Approximation and Convergence Properties of Generative Adversarial Learning
Shuang Liu, Olivier Bousquet, Kamalika Chaudhuri
TL;DR
This paper investigates how discriminator restriction and objective-function choice affect GANs' ability to approximate a target distribution. It introduces the notion of adversarial divergences to unify various GAN objectives and distinguishes strict adversarial divergences, which ensure unique minimizers. It proves that restricting discriminators yields generalized moment matching with the target and that neural-network discriminators preserve this property; it also shows that convergence in a strict adversarial divergence implies weak convergence to the target, with Wasserstein distance exemplifying the weakest such divergence. The results provide a broad, principled framework connecting multiple GAN variants and clarifying the convergence behavior under different divergences.
Abstract
Generative adversarial networks (GAN) approximate a target data distribution by jointly optimizing an objective function through a "two-player game" between a generator and a discriminator. Despite their empirical success, however, two very basic questions on how well they can approximate the target distribution remain unanswered. First, it is not known how restricting the discriminator family affects the approximation quality. Second, while a number of different objective functions have been proposed, we do not understand when convergence to the global minima of the objective function leads to convergence to the target distribution under various notions of distributional convergence.

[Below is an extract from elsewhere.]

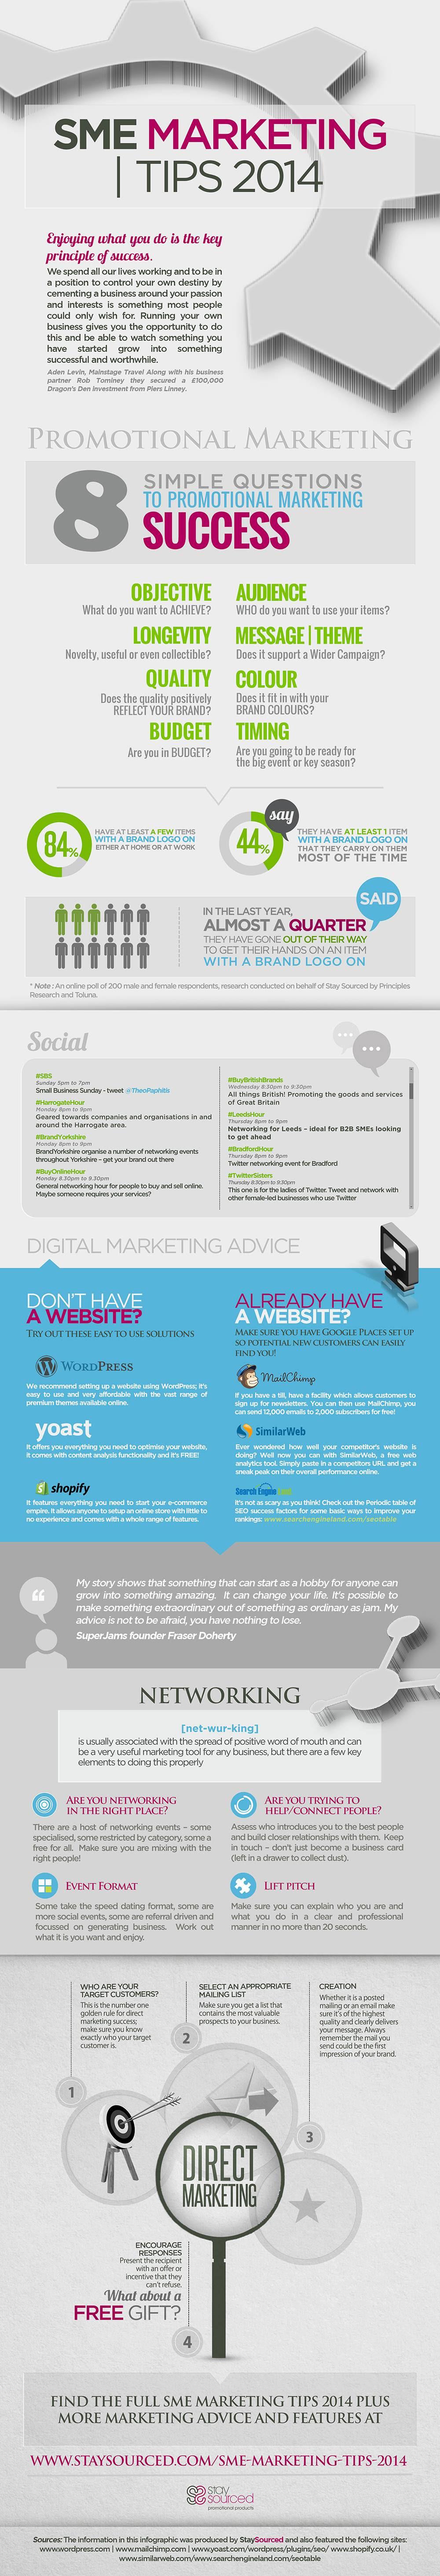 Infographic: SME Marketing Tips 2014

In this paper, we address these questions in a broad and unified setting by defining a notion of adversarial divergences that includes a number of recently proposed objective functions. We show that if the objective function is an adversarial divergence with some additional conditions, then using a restricted discriminator family has a moment-matching effect. Additionally, we show that for objective functions that are strict adversarial divergences, convergence in the objective function implies weak convergence, thus generalizing previous results.